EasyOCR_advance Node Documentation
Overview
The EasyOCR_advance node is a component of the ComfyUI extension for the "comfyui_LLM_party" project. This node is designed to perform Optical Character Recognition (OCR) on images using the EasyOCR library. It extracts text from images, supports multiple languages, and provides various customization options to enhance the performance and accuracy of text recognition.
Features
- Multi-language support for text recognition.
- Customizable parameters including decoder type, text detection thresholds, and image processing options.
- Real-time text extraction displayed both as structured data and as annotated images.
- Integration for enabling/disabling the node's functionality within workflows.
Inputs
The EasyOCR_advance node accepts the following inputs:
- image: The image on which OCR is to be performed.
- gpu: Boolean option to enable or disable GPU usage for faster processing.
- language_name: A string indicating the languages to be used for OCR, specified in EasyOCR language codes (e.g., "ch_sim,en" for Simplified Chinese and English).
- decoder: Chooses the type of decoder used ("greedy", "beamsearch", or "wordbeamsearch").
- beamWidth: Integer value specifying the width of the beam for beamsearch decoding.
- batch_size: Number of images processed in a batch.
- workers: Number of worker threads used for parallel image processing.
- allowlist: A string of allowable characters for text detection.
- blocklist: A string of characters to exclude from text detection.
- paragraph: Boolean to enable or disable paragraph segmentation.
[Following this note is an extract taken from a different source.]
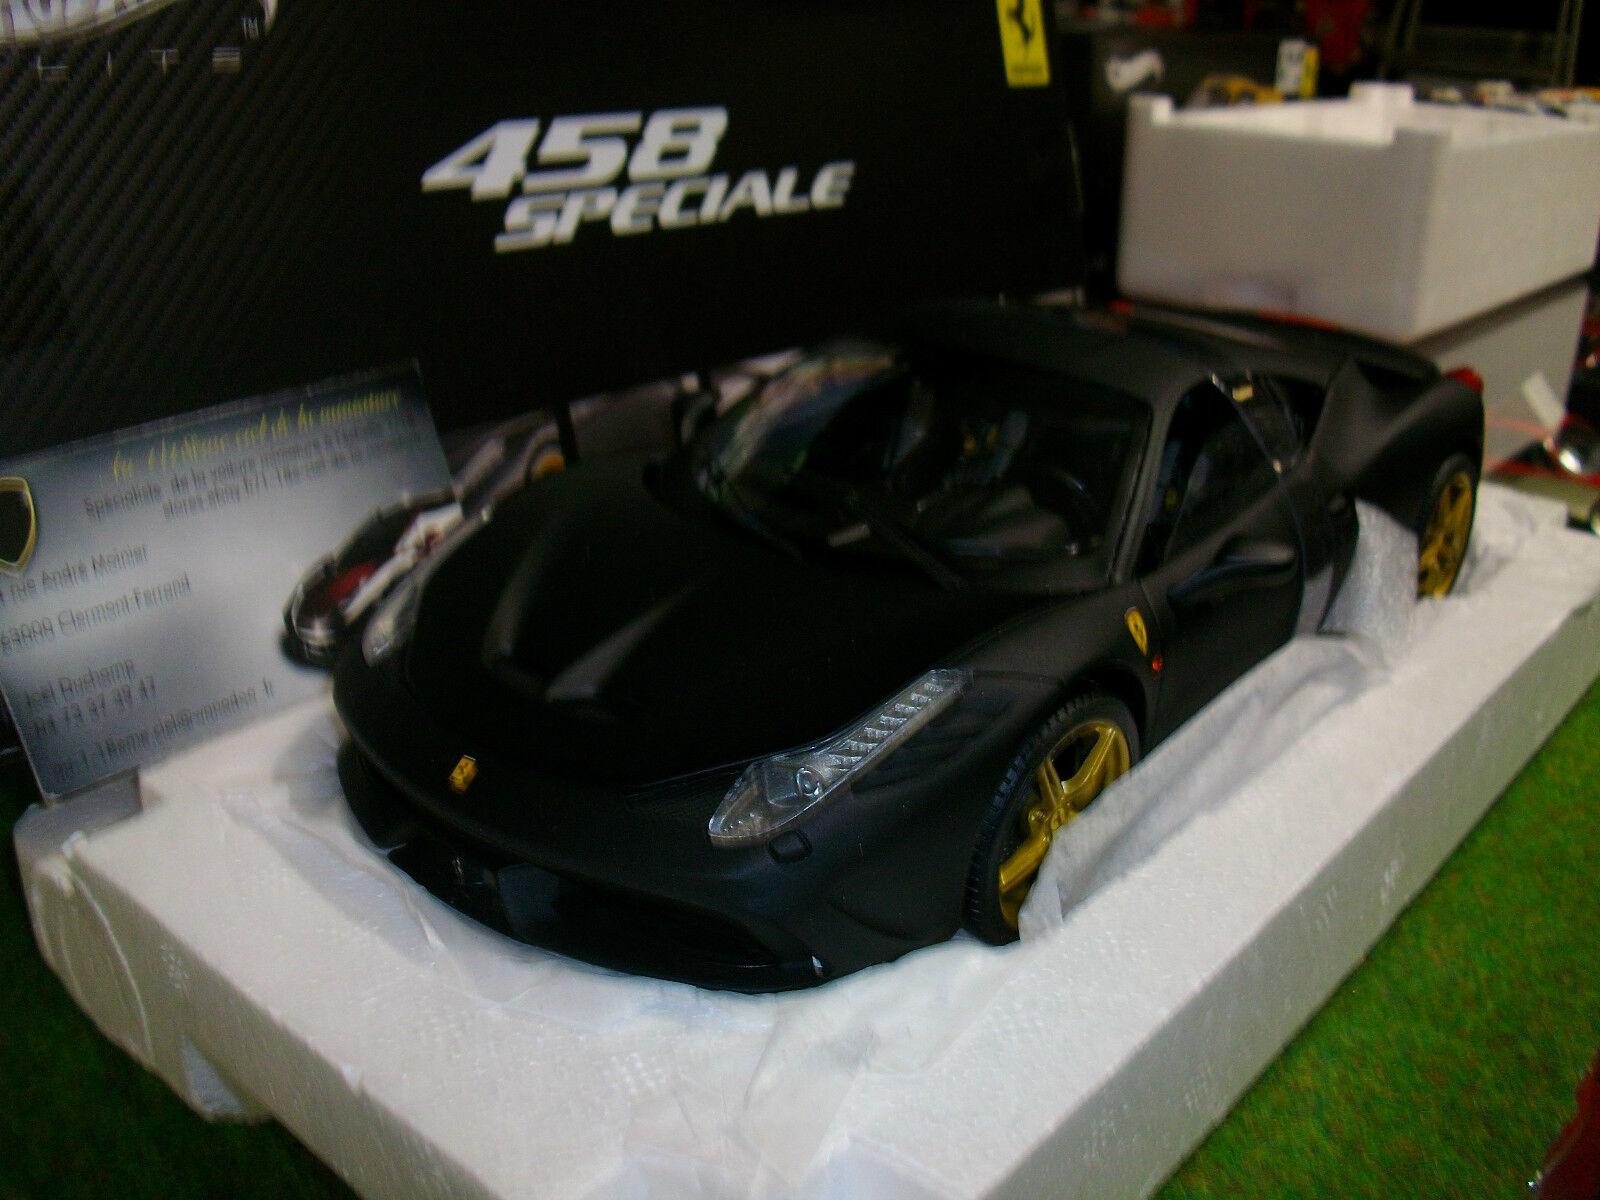 FERRARI 458 SPECIAL noir matt au 1 18 d HOT WHEELS ELITE BLY33 voiture miniature

- min_size: Minimum size of text components to be detected.
- contrast_ths: Threshold for contrast enhancement.
- adjust_contrast: Level of contrast adjustment.
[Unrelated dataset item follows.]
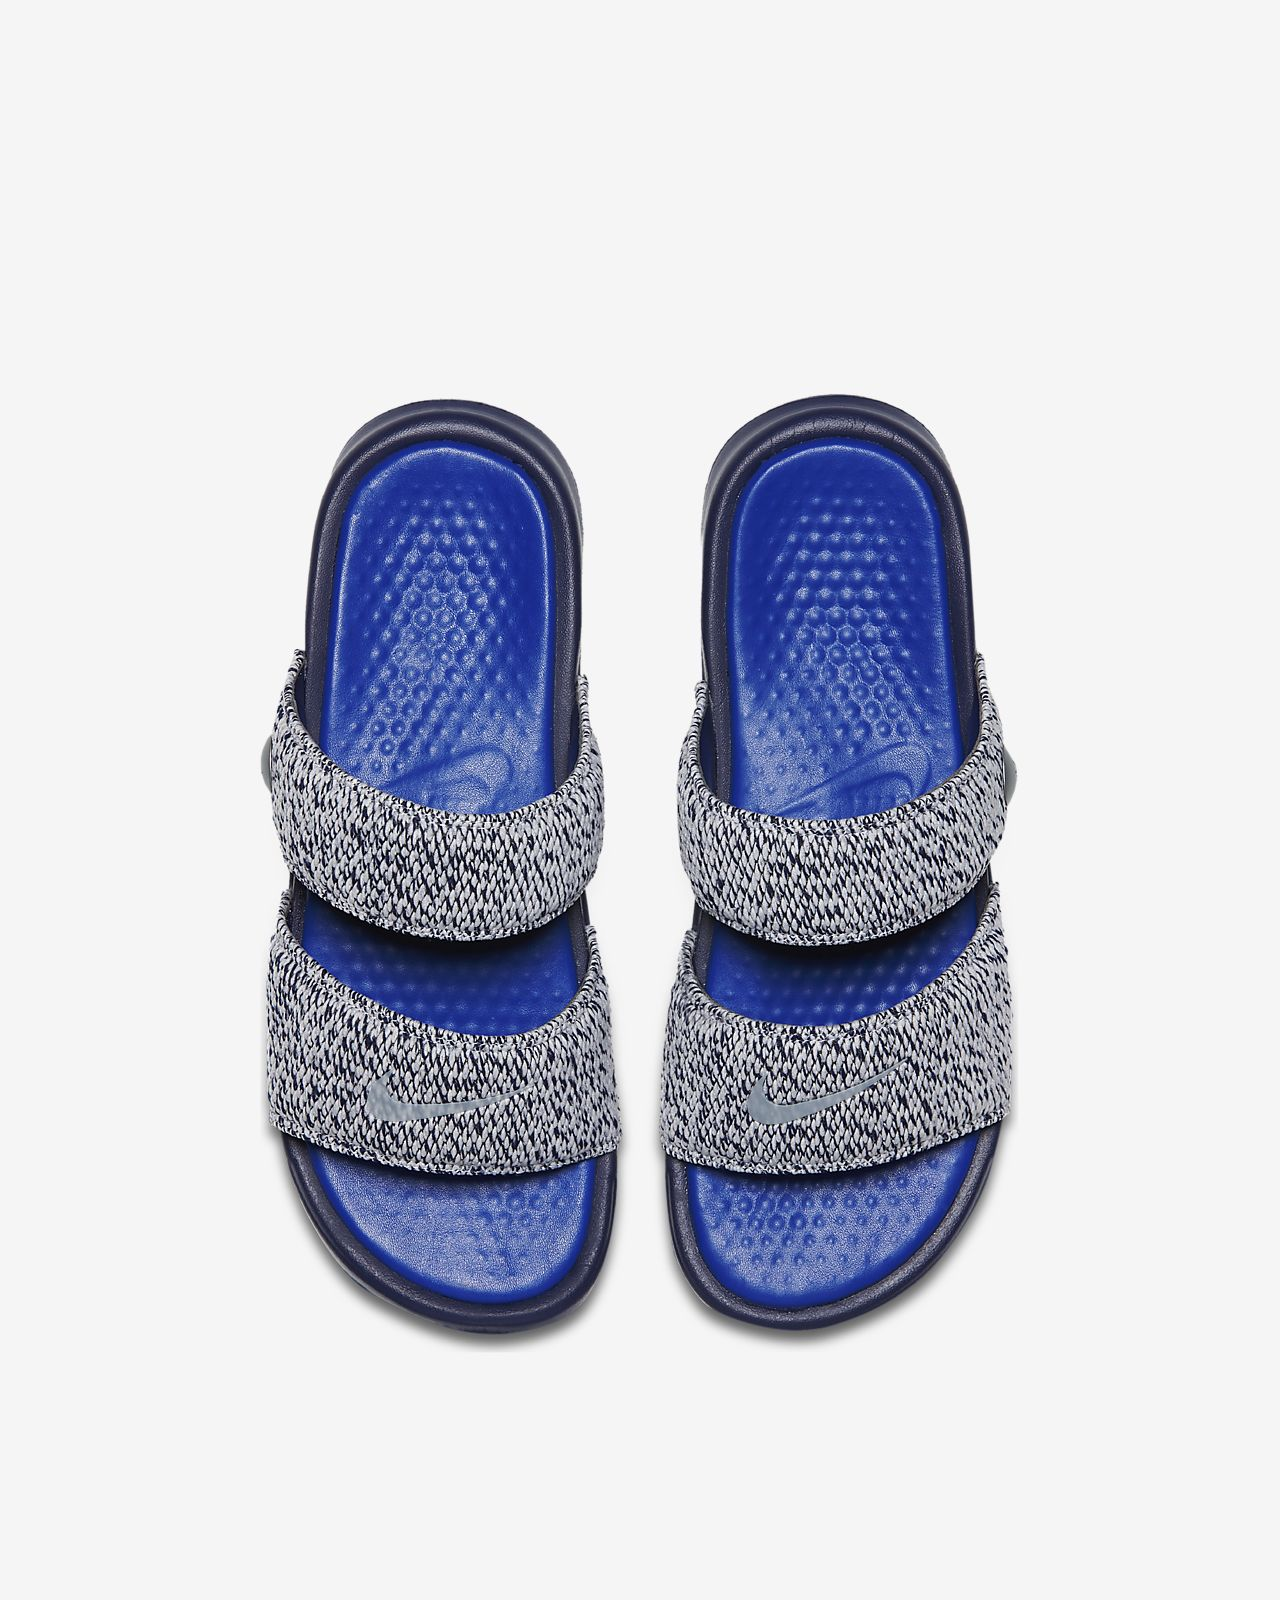 Nike Benassi Duo Ultra x Pigalle 男子拖鞋

- text_threshold: Threshold for text line break detection.
- low_text: Threshold for lower text score cutoff.
- link_threshold: Threshold for text link score.
- canvas_size: Maximum size of the image canvas.
- mag_ratio: Magnification ratio for image resizing.
- slope_ths: Threshold for slant detection.
- ycenter_ths: Threshold for vertical alignment of text.
- height_ths: Threshold for text height variation.
- width_ths: Threshold for text width variation.
- add_margin: Margin added around text detections.
- is_enable: Boolean to enable or disable the node.
Outputs
The EasyOCR_advance node produces the following outputs:
- images: Annotated images with bounding boxes drawn around detected text.
- masks: Mask images highlighting the detected text areas.
- json_str: JSON string containing structured data with bounding boxes, detected text, and confidence scores.
- text: Raw extracted text from the images.
- language_list_help: A string providing a mapping of supported languages in human-readable format.
Usage
The EasyOCR_advance node can be used in ComfyUI workflows for various purposes, such as:
- Extracting text information from images for analysis or recording.
- Pre-processing text within images for further AI/ML tasks.
- Integrating with multilingual systems to process images in different languages.
- Generating overlays or annotations on images to display detected text visually.
To use this node, create a large language model node in ComfyUI and input the required parameters as needed. Depending on your hardware setup and needs, you may decide to enable GPU processing for improved performance.
Special Features and Considerations
- Language Support: The node supports a wide range of languages using EasyOCR's language codes. Refer to the language_list_help output to understand supported languages.
- Customizable Parameters: Users have control over various parameters allowing customization of the detection process suited for different scenarios and image types.
- Performance Optimization: Options like GPU usage, batch size, and worker threads enable users to optimize performance based on their computational resources.
Conclusion
The EasyOCR_advance node is an advanced tool designed for performing comprehensive OCR tasks in ComfyUI workflows. Its extensive customization options and language support make it versatile for a variety of applications in image processing and text recognition tasks.